I'm an older woman who used to love life until I started suffering chronic severe insomnia. I want to end my life peacefully and with as little bad karma as possible. I'm agnostic and have a concern that if I end my life and am reincarnated, I will end up in a worse life than I was born into. Or, I fear that I will be stuck as a drifting terrified spirit on this Earth. Or I will be cast into endless nothingness. I used to be an atheist, but not so much anymore. I want to leave this earth "intentionally", on my own terms. If there is a higher power, I feel like I shouldn't be punished for my health condition that has made my life unbearable. I don't want to leave bitter and angry and full of self-pity. I've heard the stories of people who attempted suicide and came back from near death experiences. Most felt embraced and loved unconditionally while on the other side. Any advice? Of all the religions, I most closely align with Buddhism. I am not a Christian. If you are a true atheist, I get it. (I used to think that when we die we're nothing more than a dead fly on a windowsill.) But I don't necessarily want to hear from you right now. I plan to die by a bullet behind my right ear. I would choose to live if I could only SLEEP. I would appreciate it if you could limit cynical responses.

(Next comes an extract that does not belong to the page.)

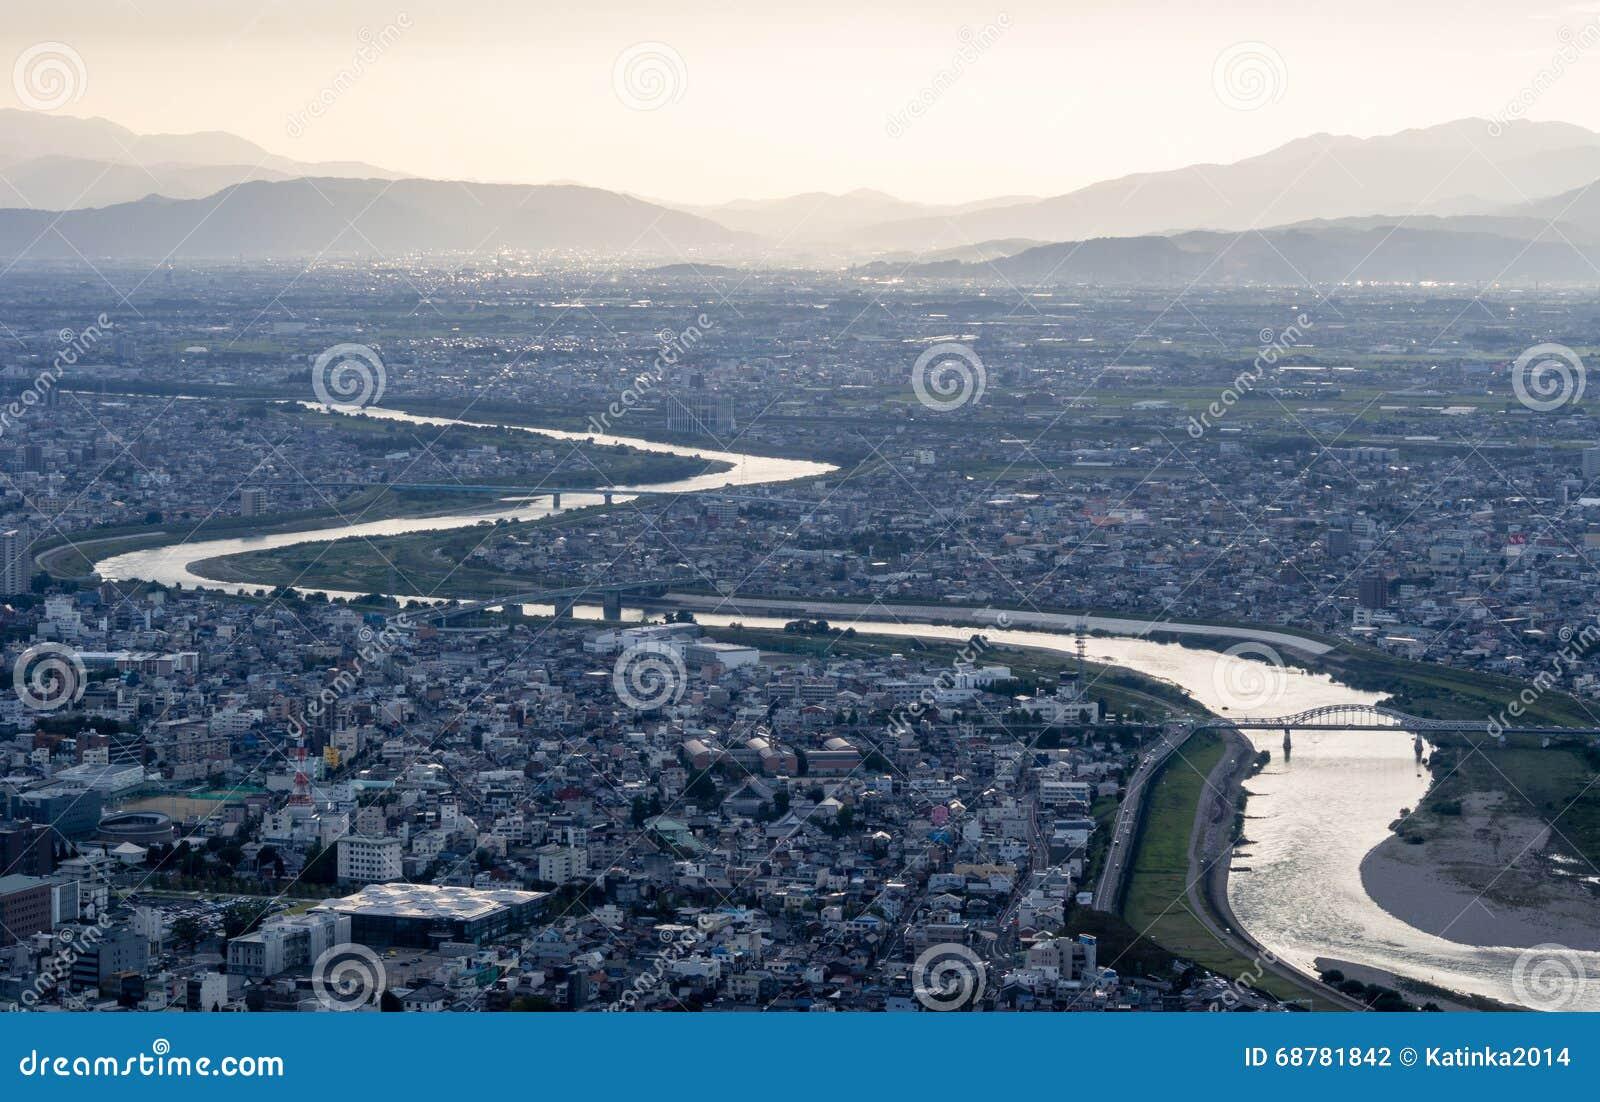 Panorama van de stad van Gifu, Japan

I also used to love life, before I started suffering from adulthood, lol (and also chronic medical stuff). Sorry to hear what you're going through.
I believe in reincarnation too, so I think your concerns are valid, but I don't think it's as clear cut as any of the following:
* You WILL necessarily be reincarnated
* You will reincarnate into a similar or worse position
My beliefs are quite individual and drawn from my spiritual experiences, which includes the use of psychedelics. But I think reincarnation and what happens there is ultimately up to God (Sikhism comes close to some of my views). Have you ever tried psychedelics? Because some can shed light on one's karma and so on.

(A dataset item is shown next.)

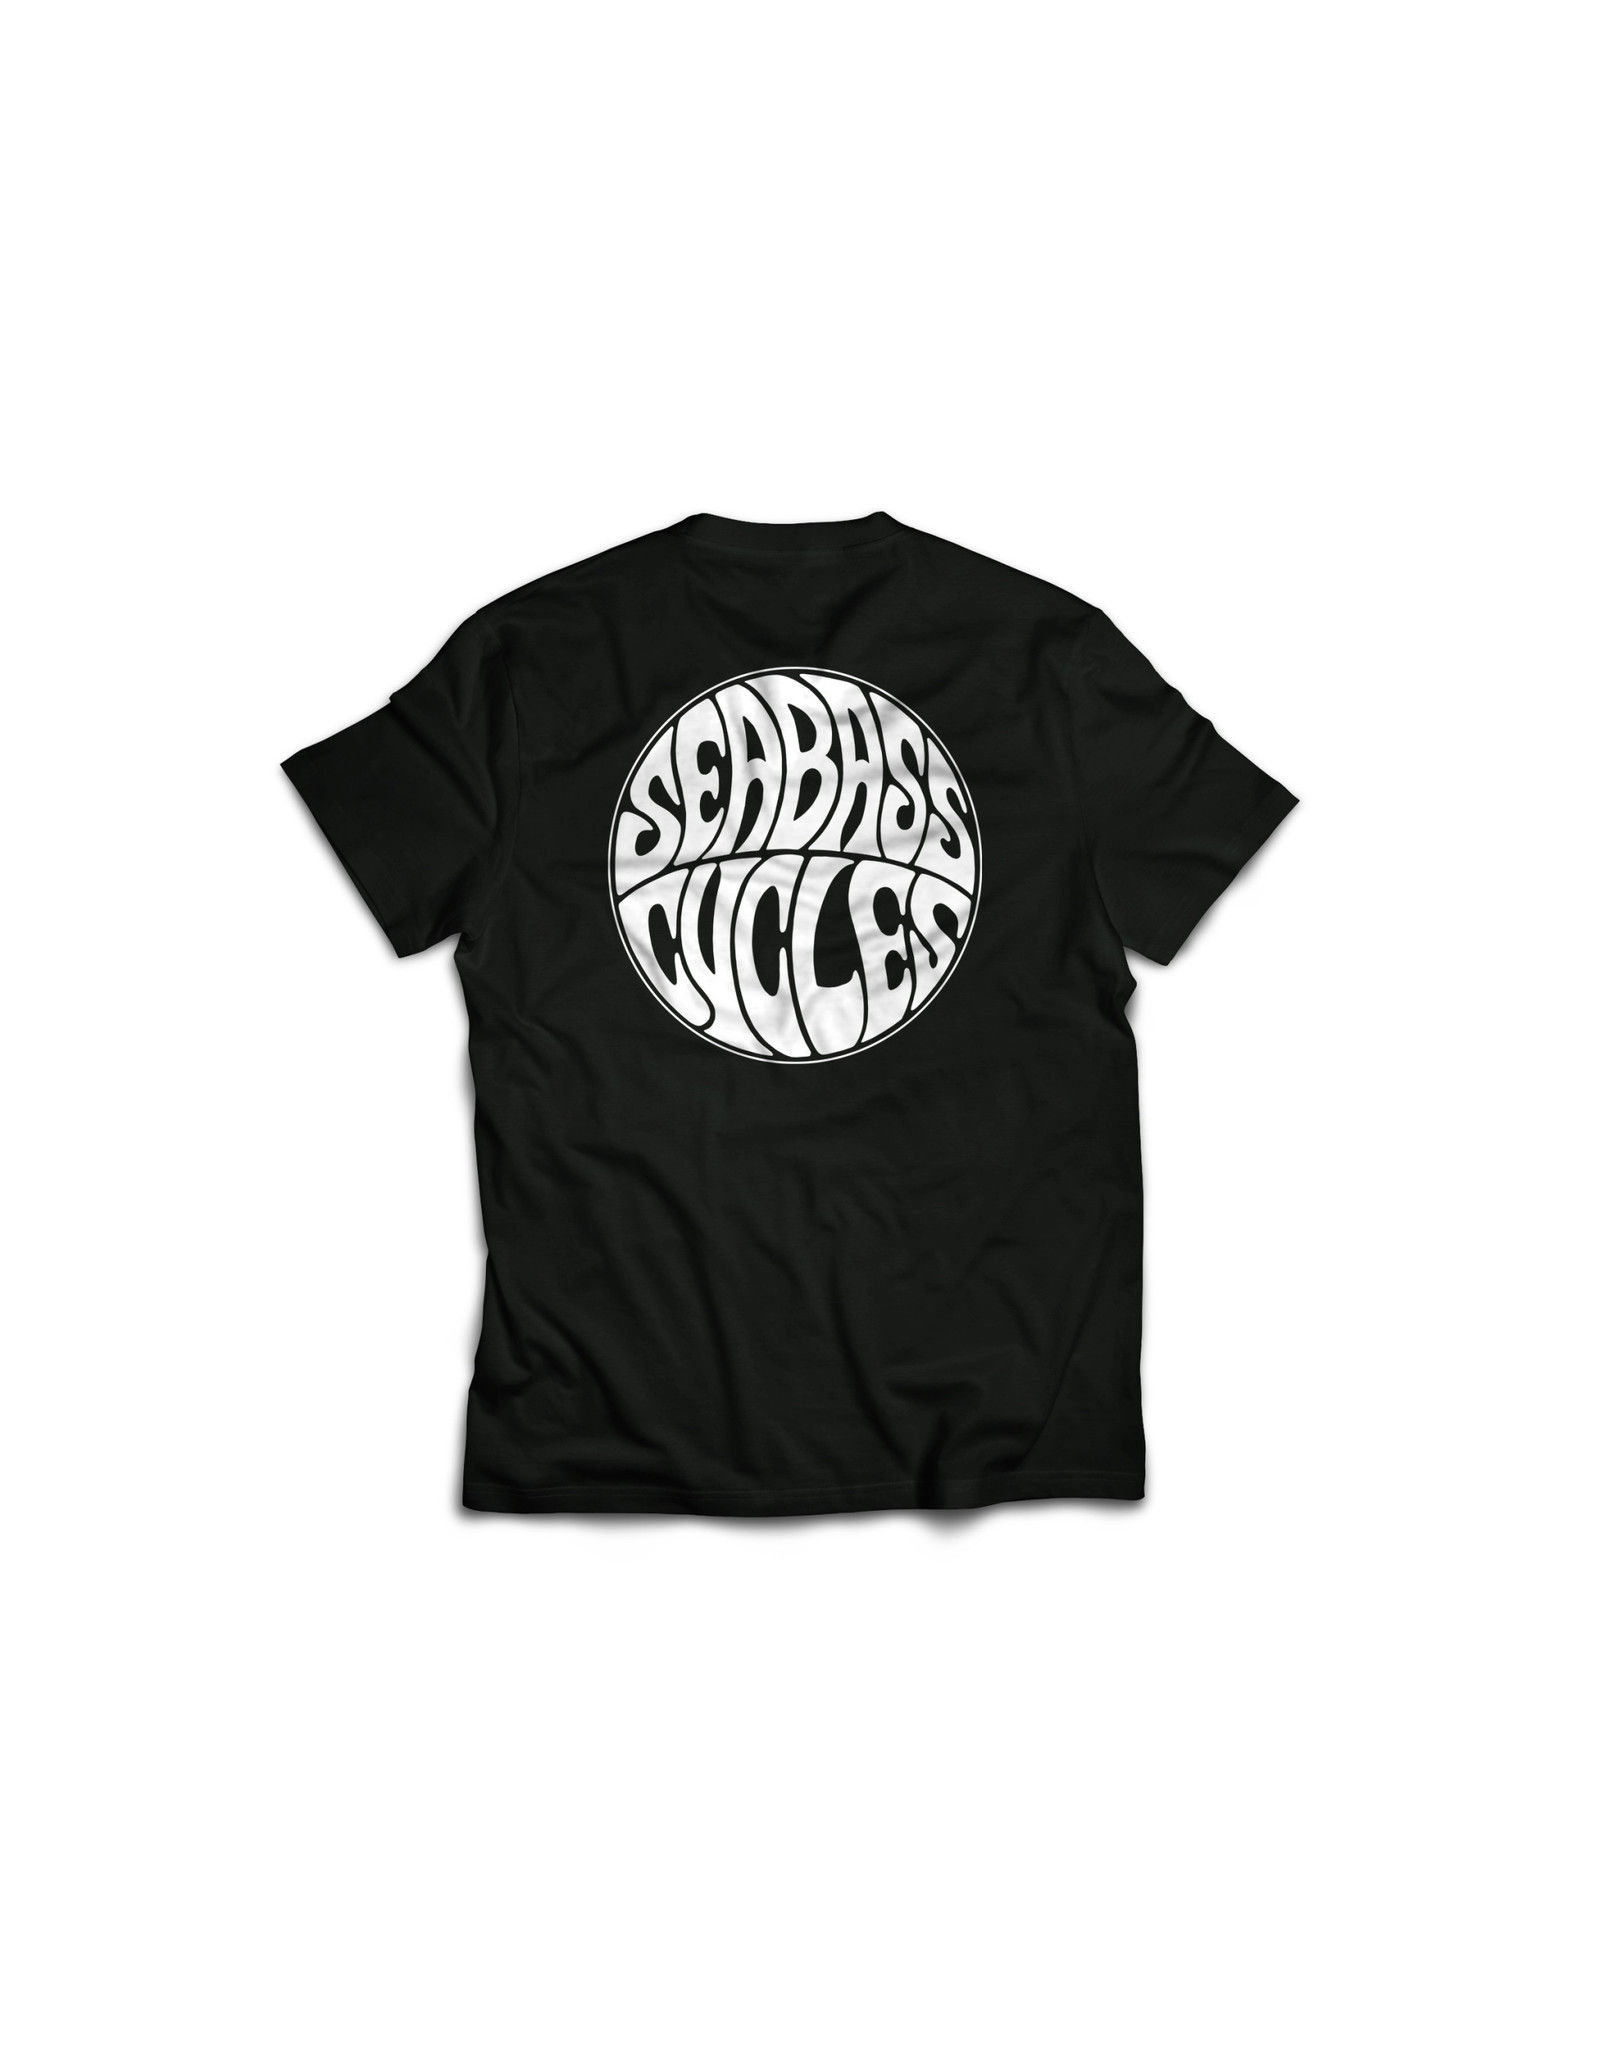 Seabass Cycles Seabass Cycles - Circle Logo - Black / White Ink

Ultimately I don't think we have to fear as much as we do, but I do fear reincarnation of any kind (even into a better position) because I consider human existence to be suffering and pretty terrible whatever position one is in. Some people are better at pretending to be happy and having a good time with life, but really everyone suffers and I just want out of this planet altogether, so that's what I pray for - to go home to wherever my spirit originally came from, and never return here again.
I also think that everyone's karma is more or less 'bad'... maybe karma itself is inherently bad, a kind of punishment mechanism for whatever original sin landed us all here in this world in the first place. No one will ever understand it all totally, I think, it isn't meant to be understood (except possibly after death).
The good news is that, yes, God is loving, merciful, and great (even though that is very hard to make sense of), and all suffering here is temporary (even when repeated via reincarnation). Very temporary, in the long run.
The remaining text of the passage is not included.